[AVAILABLE DATA]
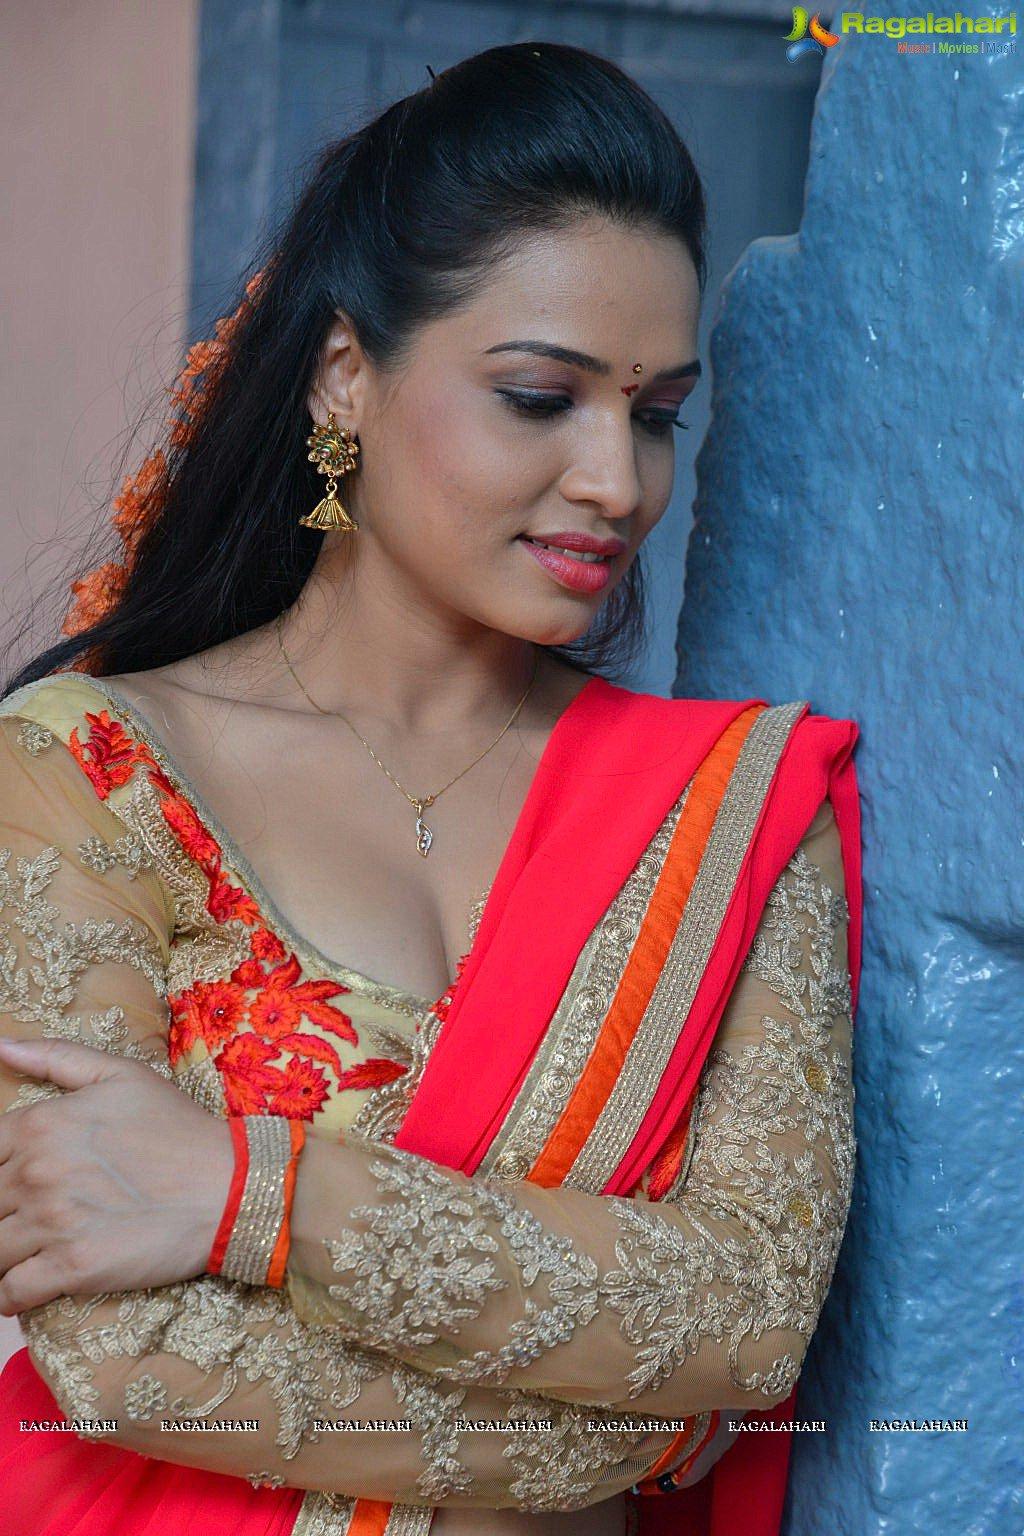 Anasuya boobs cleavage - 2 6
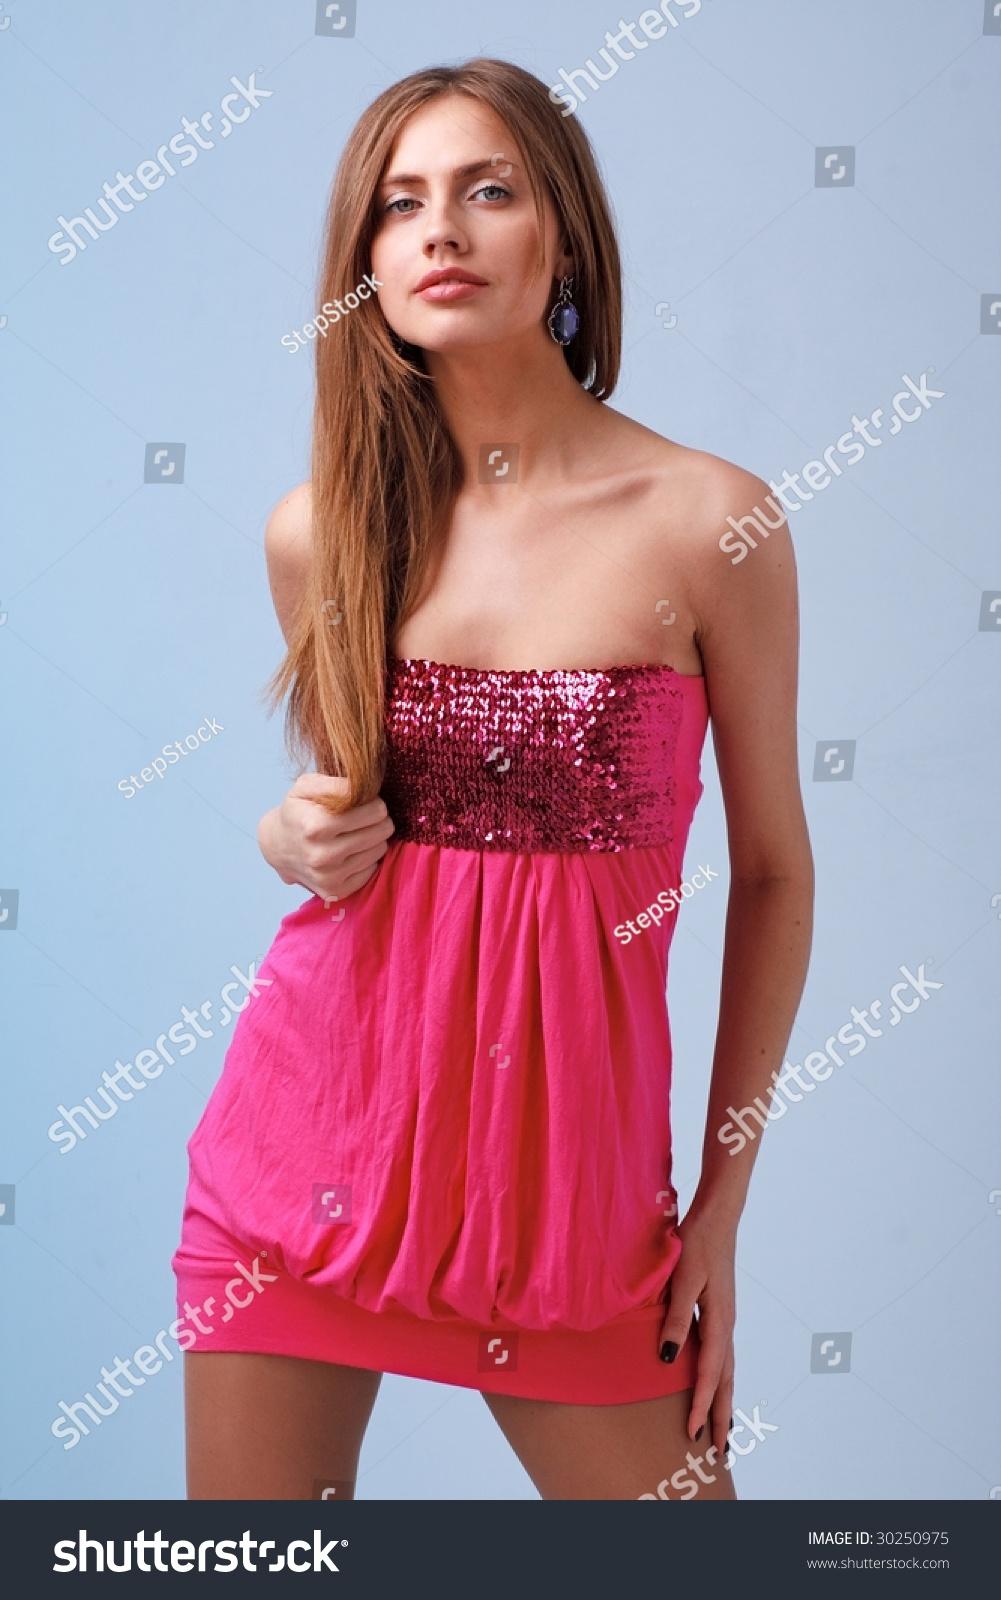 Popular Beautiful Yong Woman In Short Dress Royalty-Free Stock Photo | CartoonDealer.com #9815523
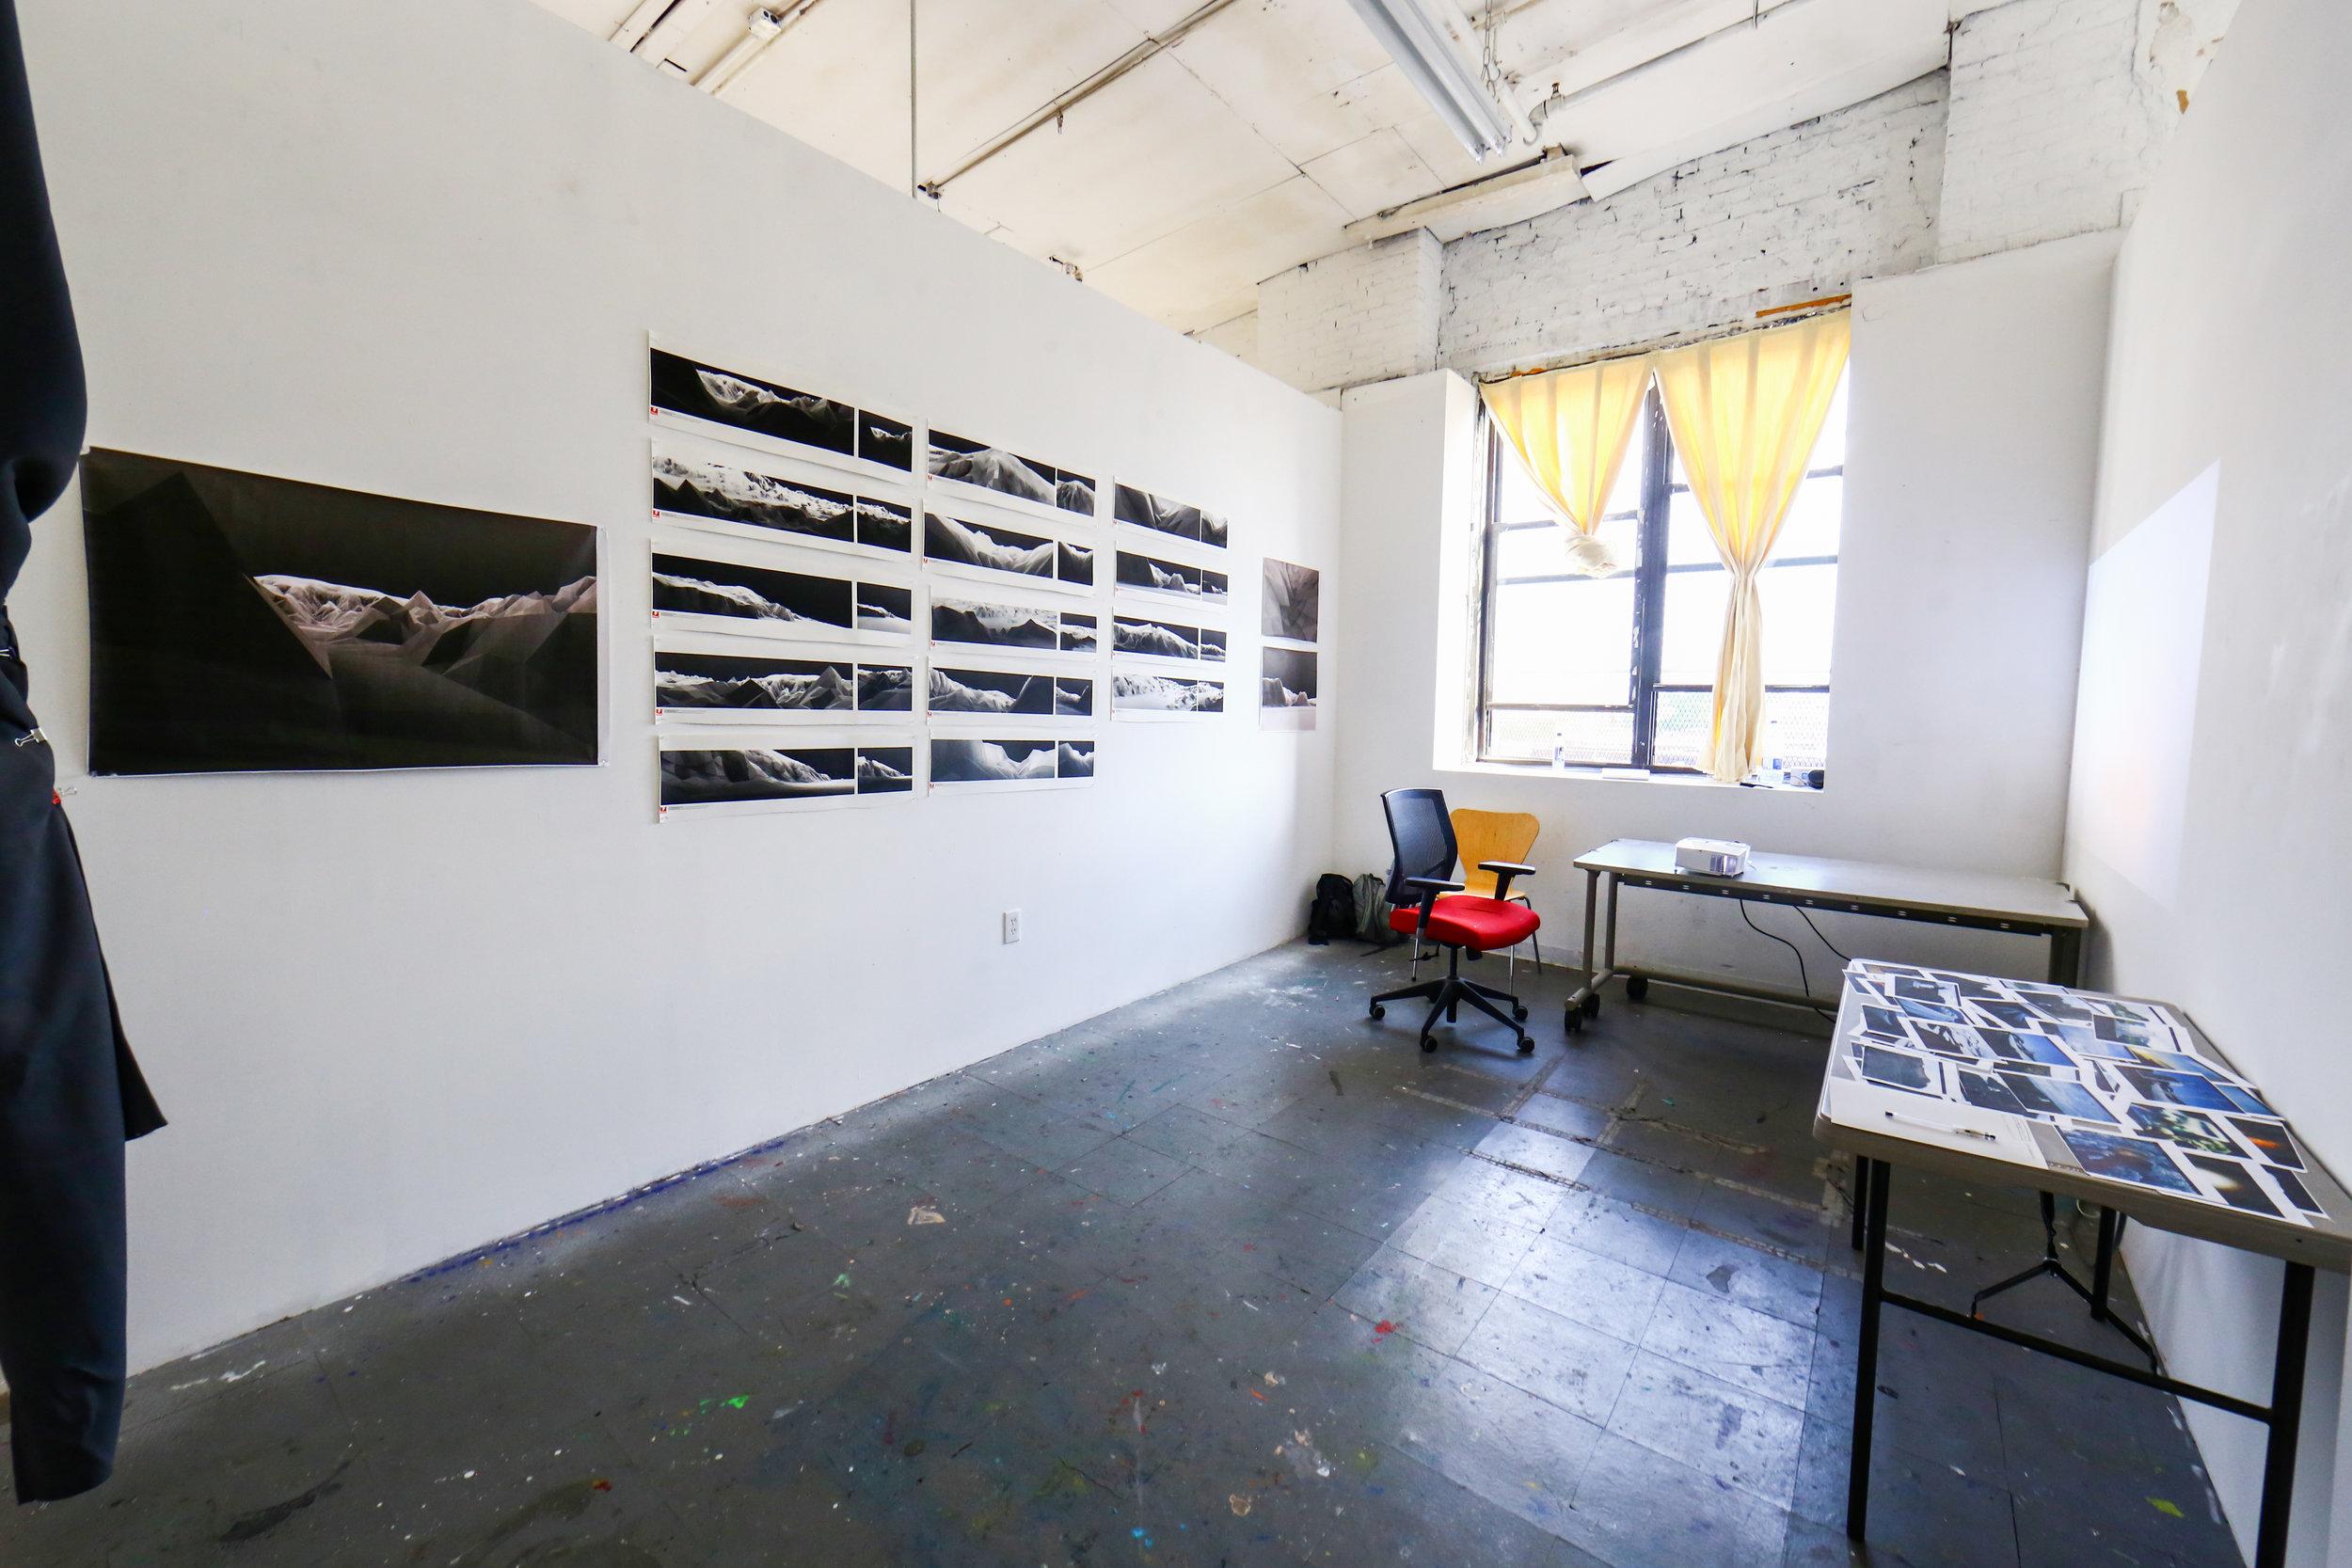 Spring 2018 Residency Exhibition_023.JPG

[TASK] Write out the whole listing again, exactly, with no pictures.

[OUTPUT]
 Anasuya boobs cleavage - 2 6
 Popular Beautiful Yong Woman In Short Dress Royalty-Free Stock Photo | CartoonDealer.com #9815523
 Spring 2018 Residency Exhibition_023.JPG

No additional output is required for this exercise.